Standing shoulder to shoulder are many, black, humanoid silhouettes, all with heads facing down at me. I drop my phone, and without a moment of thought, I take off in a sprint through the street. 

This time it’s undeniable. 

They were there.

They have always been there.

I look straight ahead, daring not to look to my sides as I visualize them following me. I envision them keeping up with my speed, hurtling over obstacles and shifting between different rooftops as I turn corners and move from one side of the street to the next.

What do you think will happen?

Do you think they will lose you? 

You think you can outrun what is watching from above? 

You can’t escape their sight. 

You can only face them. 

I slow from a sprint until I am still. Again, the unseen voice offers advice impossible to refute. 

Photo by Gabby Estlund

Photo by Gabby Estlund

I muster the deepest breath my lungs can allow. I close my eyes and turn around to face the rooftops. With my eyes still closed, I can sense them up above staring down below at me. With another breath I open my eyes, and they don’t betray me. Still standing shoulder to shoulder, they watch me.

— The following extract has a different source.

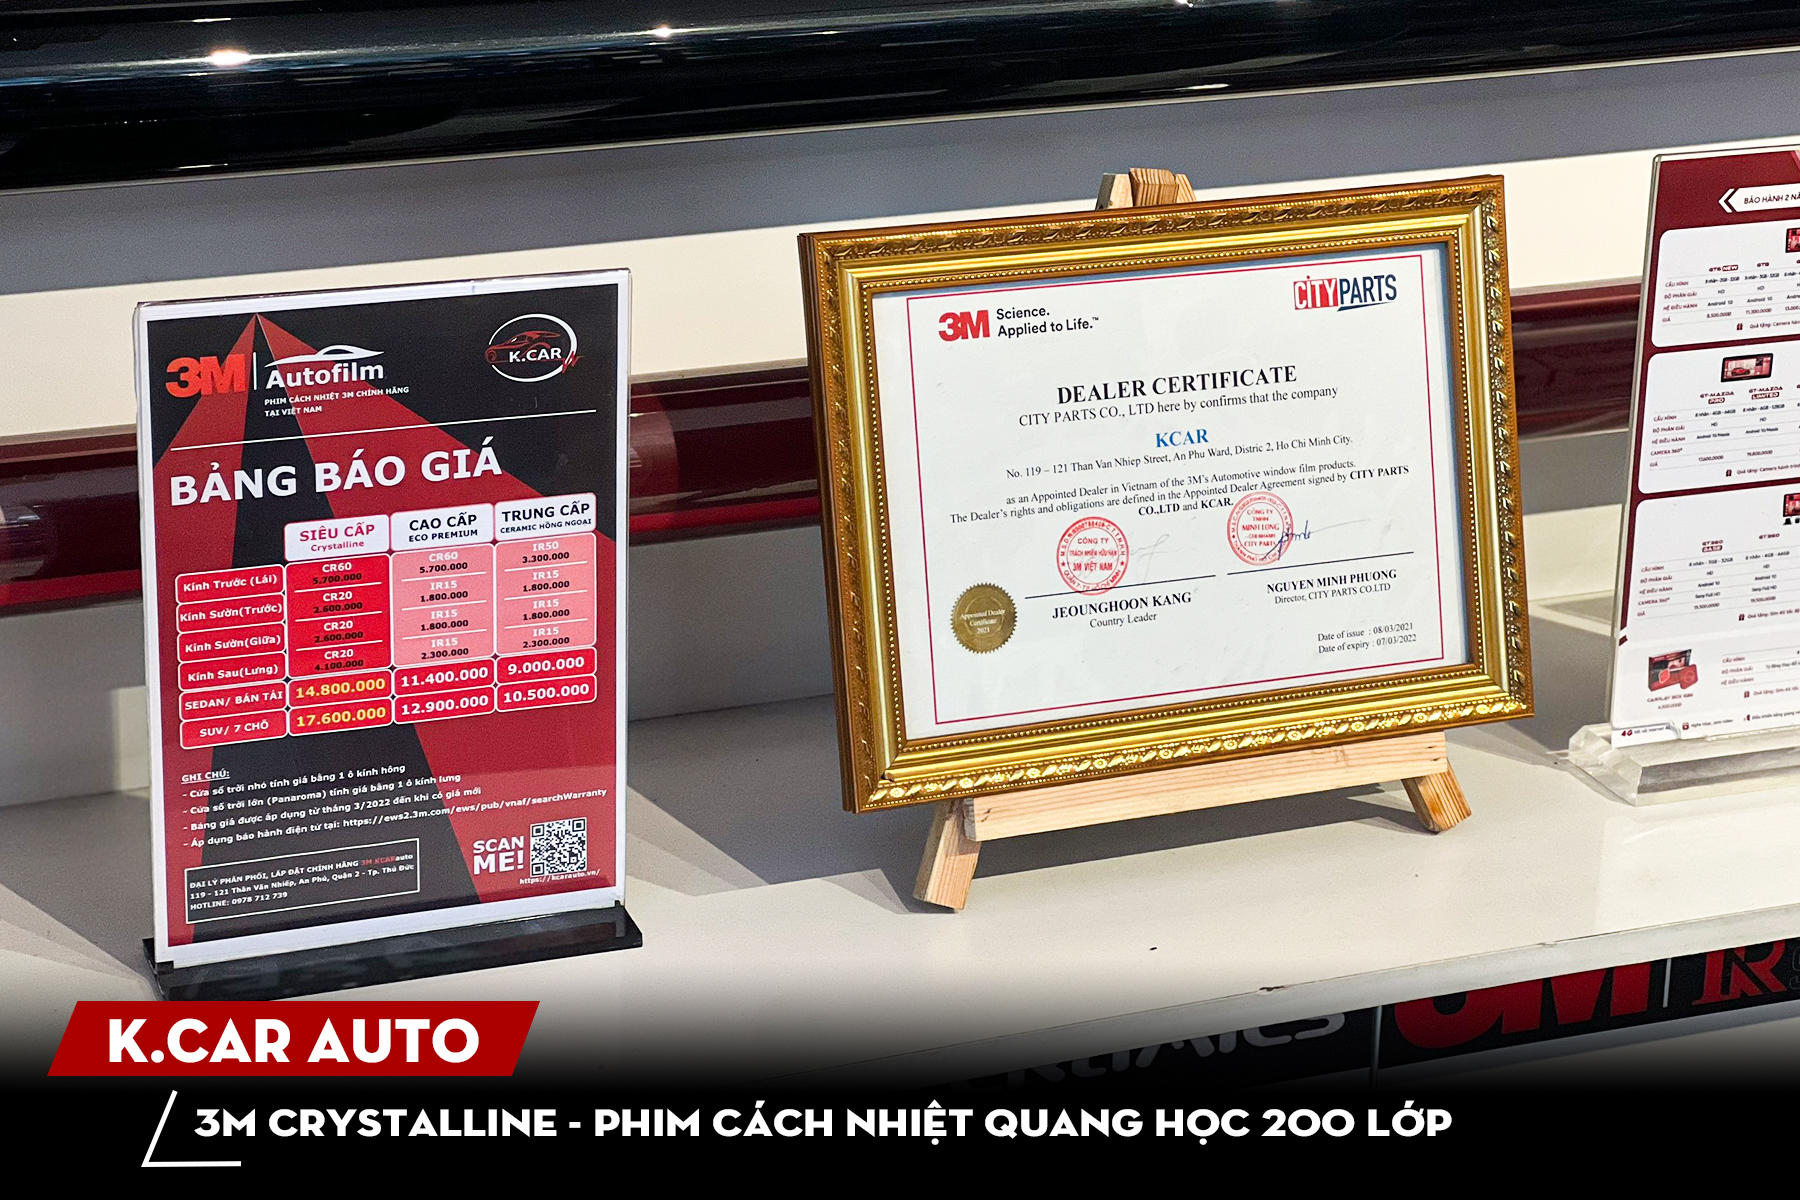 K.CAR Auto đơn vị được cấp chứng chỉ tay nghề, chứng chỉ kinh doanh lắp đặt dòng phim 3M Crystalline

Their faces are featureless, with no eyes with which I can derive a soul.They are statues. Not expressing any form of exhaustion I may have caused them whilst sprinting. 

Their silence is infuriating. 

They have no grasp of the torment they impose upon me. No sign of remorse or reason for having done so. “Hear I am!” I scream at those from above. “If you want me, come and get me.”

They offer no response or recognition of my voice. “Come down and take what’s yours.” I fall to my knees, desperate for a response.

After spending so long avoiding their gaze, I never knew how hard it would be to actually be seen, let alone heard by them. 

Their pulverized silence aggravates me.

“Well if you won’t come to me, I’ll come to you,” I say. I rise to my feet and go to the door of the building in front of me. I lean for the handle and notice no resistance as I pull the door open. I ascend the stairway to the roof, and once there I see no sign of the black silhouettes that were at the edge from which I saw them before. I scan the rooftops of other buildings around me, noticing for the first time nothing staring back. 

I too notice, that for the first time in years, I can see the vast breadth of the sky.

You see, returns the nameless voice, all you had to do was face them.